Waktu dua hari ini pun Hyukjae habiskan buat kuliah dan menonton video. Dia gatal dan panas sendiri selama menonton video. Aduh, sebenarnya Hyukjae ngeri sih. Kok di video si itu yang cowok bottynya pada ngerang sakit gitu ya. Nakutin sumpah.
Wajahnya ada yang kek nahan pup sakit banget pasti ya. Tapi, lama-lama mereka kek kucing dikasih ikan. Mengeluarkan suara aneh dan berisik. Wajahnya jadi keenakan. Hyukjae merasa cowok-cowok botty itu punya kepribadian ganda. Diawal teriak-teriak stop, kebelakang minta lagi. Ugh.
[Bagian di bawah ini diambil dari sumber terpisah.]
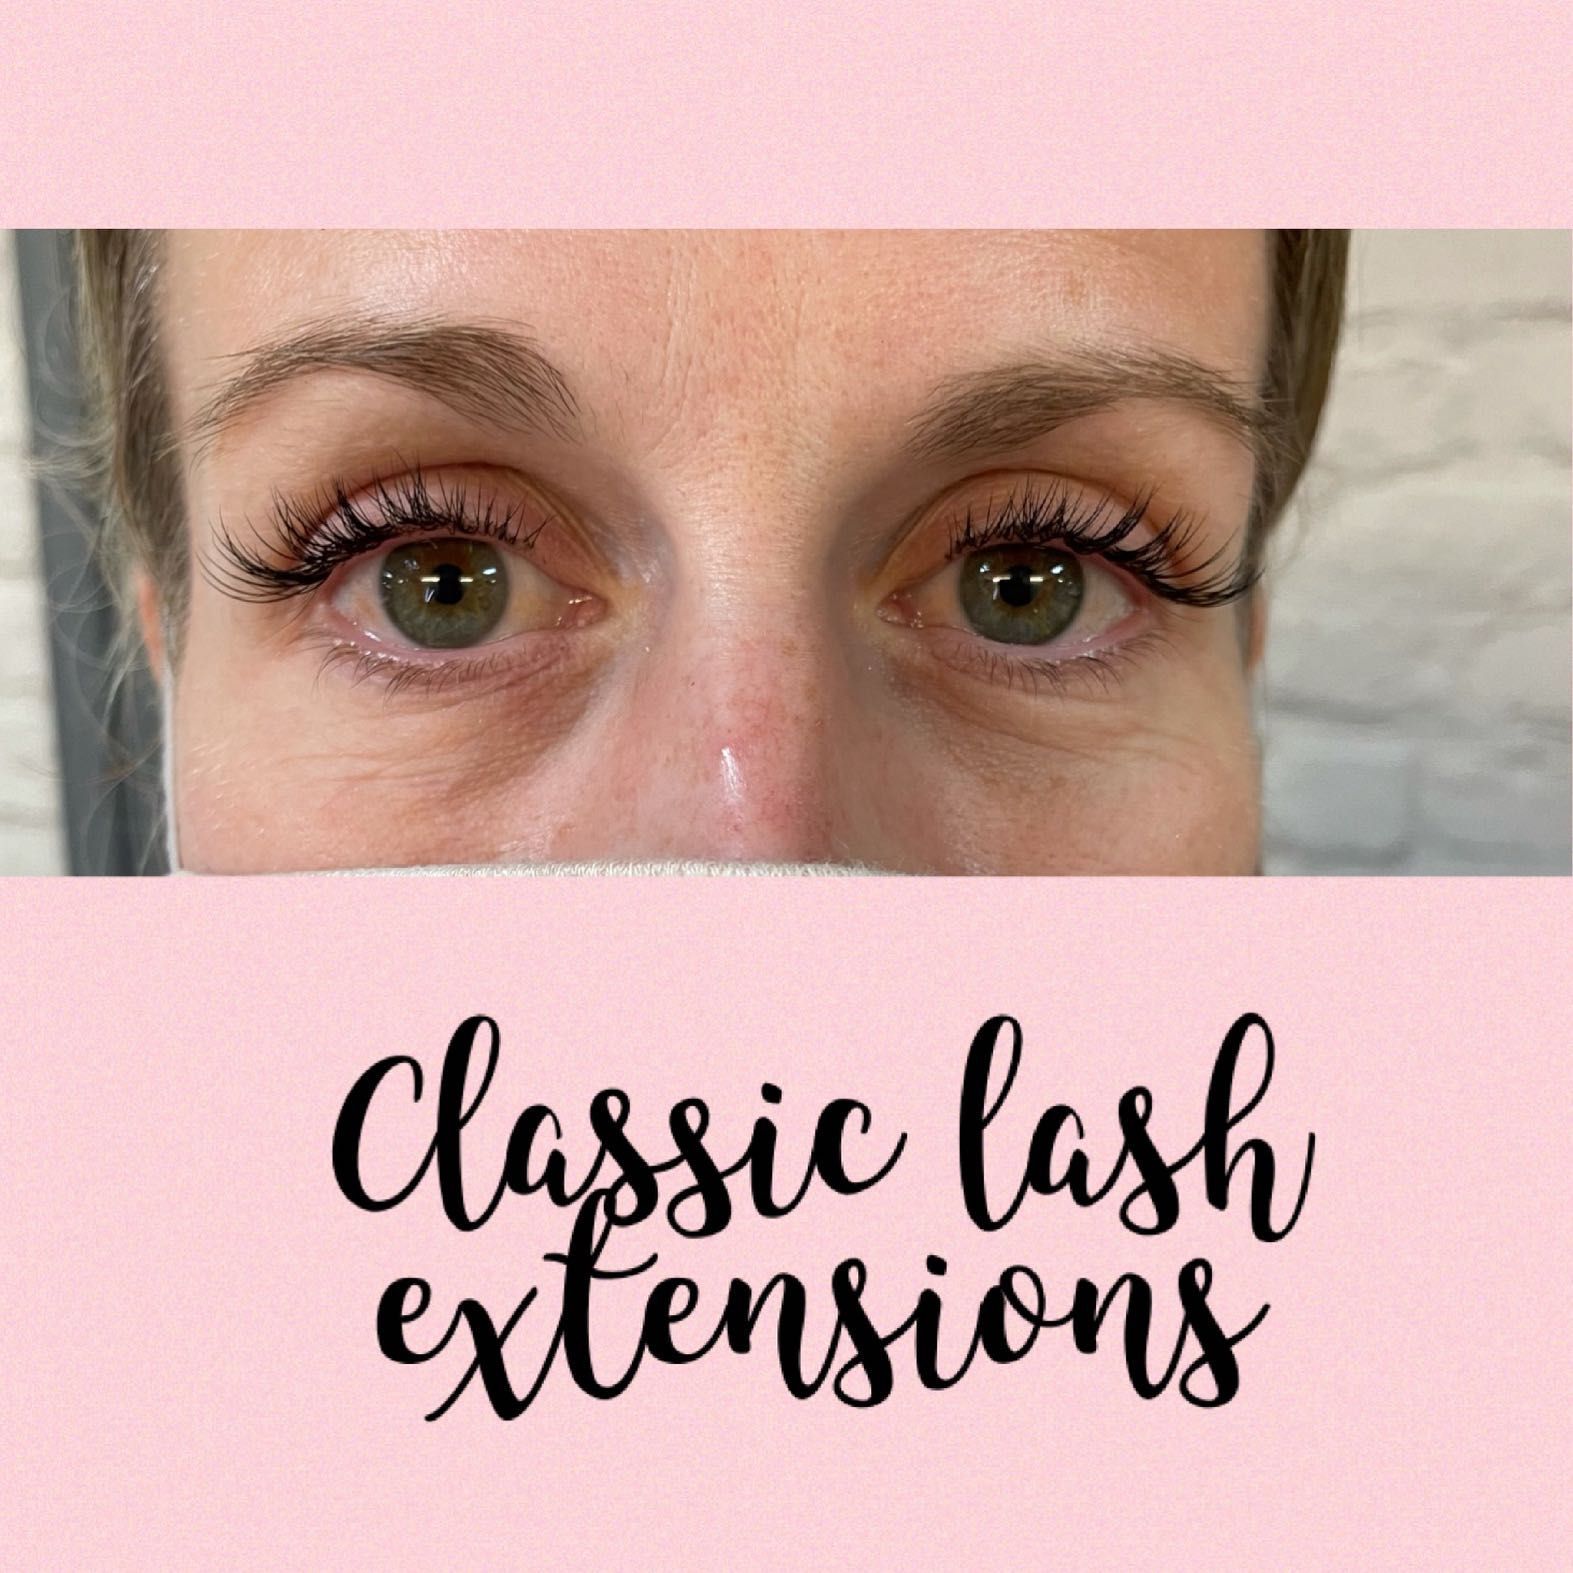 Classic Lash Extensions (£20 off limited offer) portfolio

Apa nanti kalau dia sama Donghae, Hyukjae bakal minta stop juga ya? Apa bakal sesakit itu? Bayanginnya Hyukjae ngeri sendiri. Bulu kuduknya meremang. Coba deh, masa lubang sekecil dan tersembunyi diantara aset berharganya itu bakal digempur sama adeknya Donghae.
Arrrgggggh
Hyukjae menutup mata. Menepis bayangan tersebut tapi tak bisa lenyap. Sebenarnya Hyukjae takut. Tapi tapi. Kalau Donghae sama dia nggak begituan, terus nanti Donghae benar-benar bosan sama Hyukjae. Hyukjae ditinggalin. Hyukjae jauh lebih sakit deh dibanding saat adeknya Donghae menggempurnya.
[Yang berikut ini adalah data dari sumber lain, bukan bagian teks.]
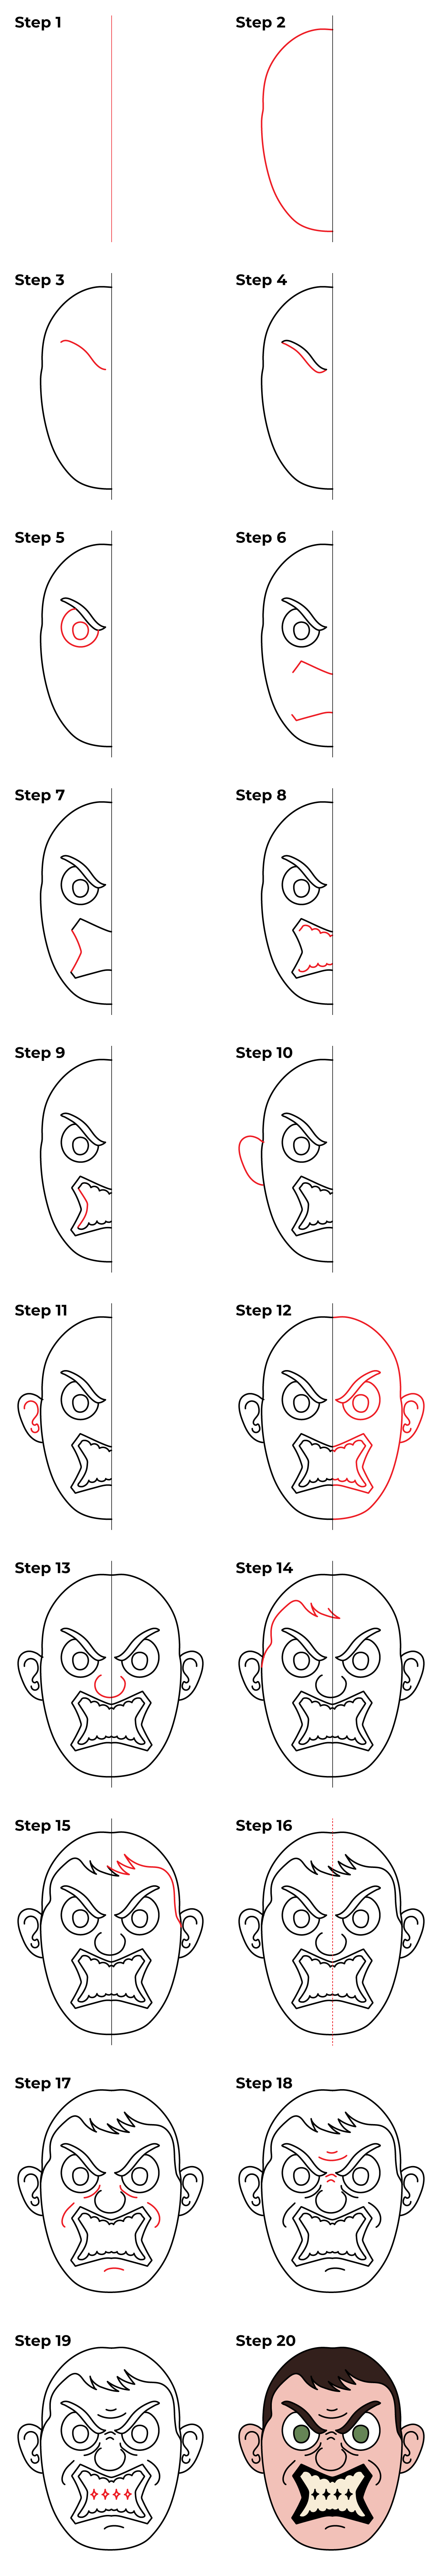 How to Draw an Angry Face - Printable Tutorial

Sudah, Hyukjae coba iklhas menerima keadaan.
.
.
Dua hari sudah berlalu begitu cepat. Hyukjae deg-degan. Ia sudah menelpon Donghae untuk menjemputnya ke rumah Donghae. Hyukjae sudah minta izin sama Mama dan Babanya untuk menginap. Mamanya mengizinkan dengan senang hati. Malahan membantu Hyukjae packing barang-barang. Entahlah apa saja yang dipacking, untuk acara menginap satu malamnya Hyukjae sampai menggunakan koper mini.
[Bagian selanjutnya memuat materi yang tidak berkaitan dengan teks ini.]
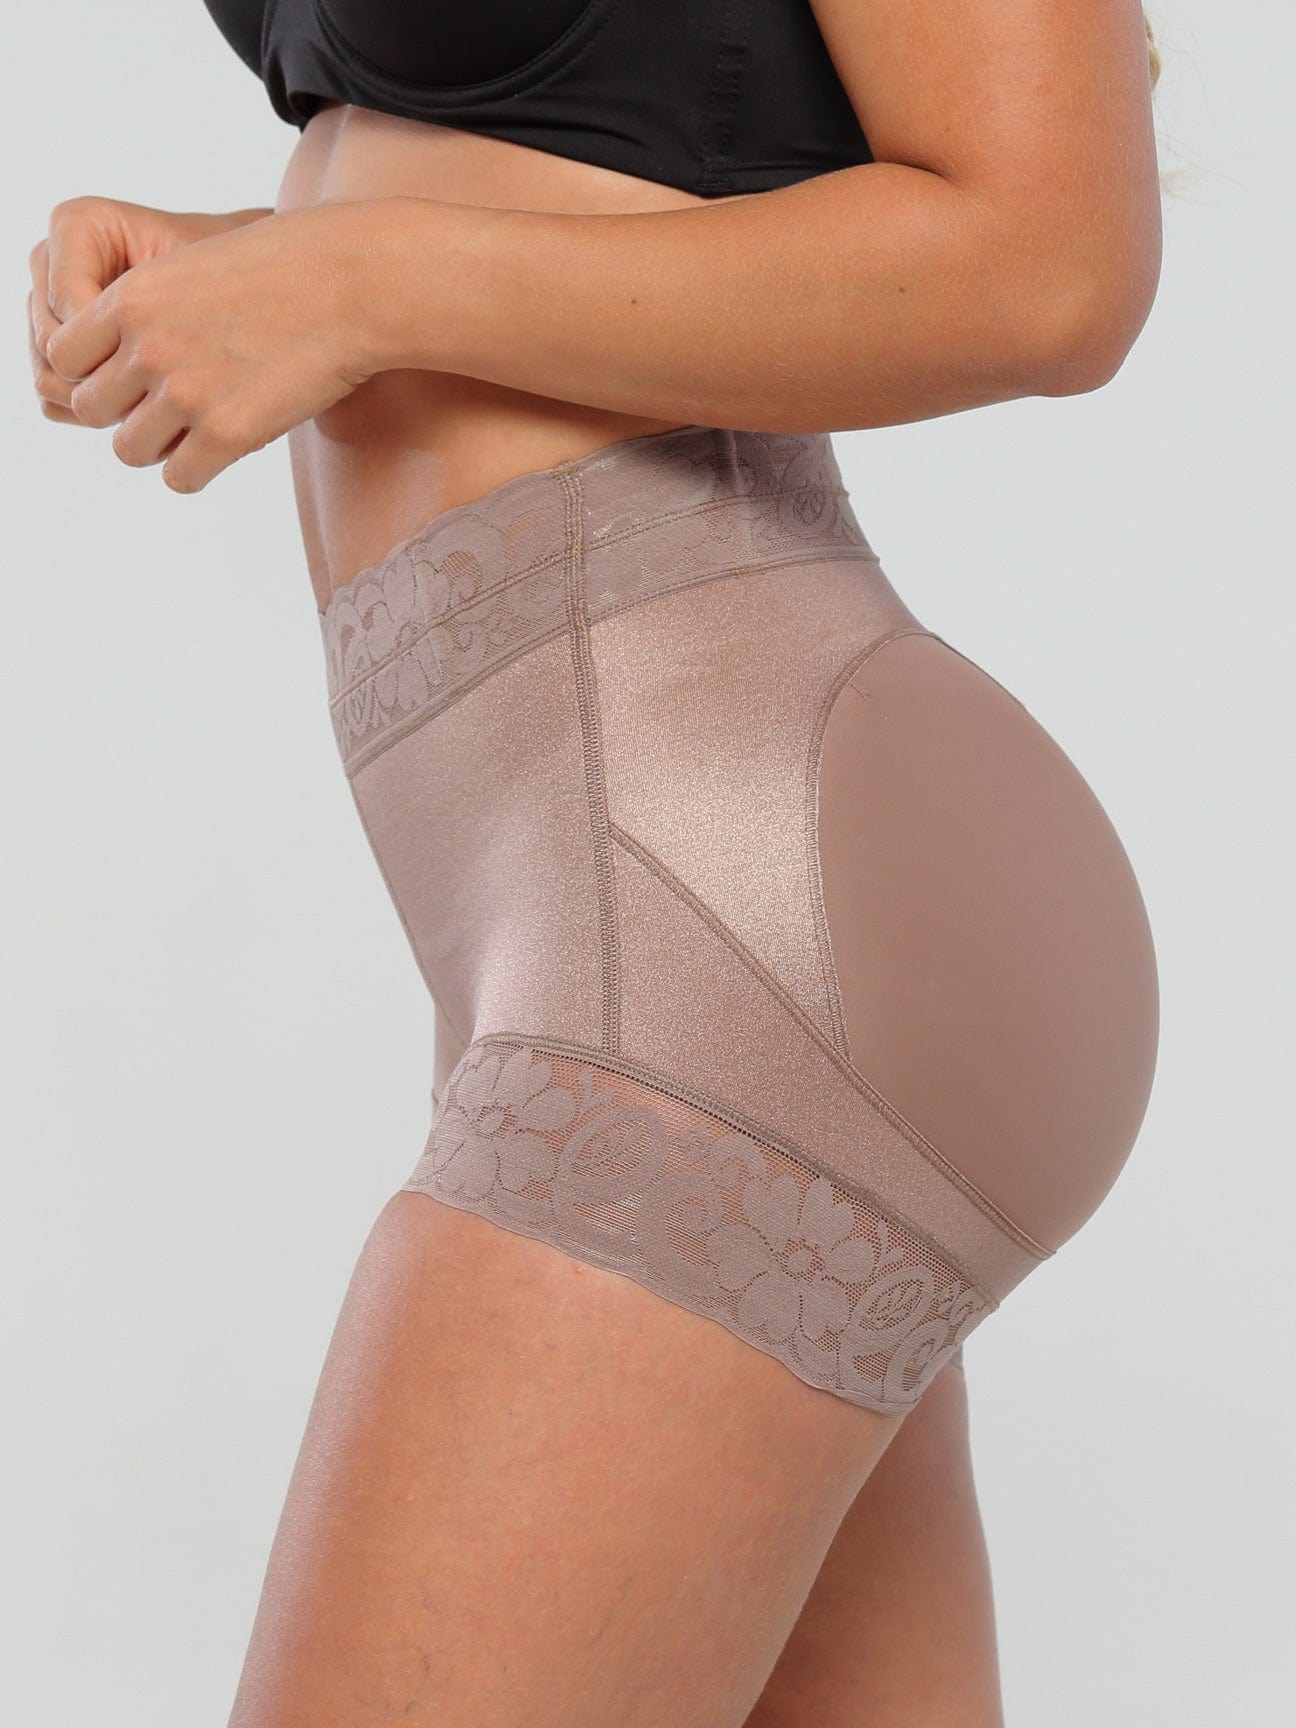 Butt Booty Lifting Shapewear Lifter Panties With Hip Algeria

Baba lain cerita. Hangeng sangat menolak untuk memberi izin. Anak kesayangannya itu tidak diperbolehkan tidur selain di rumahnya. Baba Hangeng sempat bersikeras rencana Hyukjae tergagalkan. Tapi, ketika Mama Hyukjae yang galak dan manja itu sudah ketus dan melempar tatapan ngeri. Baba Hangeng akhirnya luluh. Habis Mama Hyukjae mengancam akan pulang ke rumah orang tua kalau Hyukjae tak diizinkan pergi.
Benar-benar dramatis sekali. Baba Hangeng bersidekap di samping Hyukjae. Mata kecilnya melotot pada Donghae yang baru turun dari Lexusnya. Donghae mengambil alih koper milik Hyukjae dan menaruhnya di bagasi.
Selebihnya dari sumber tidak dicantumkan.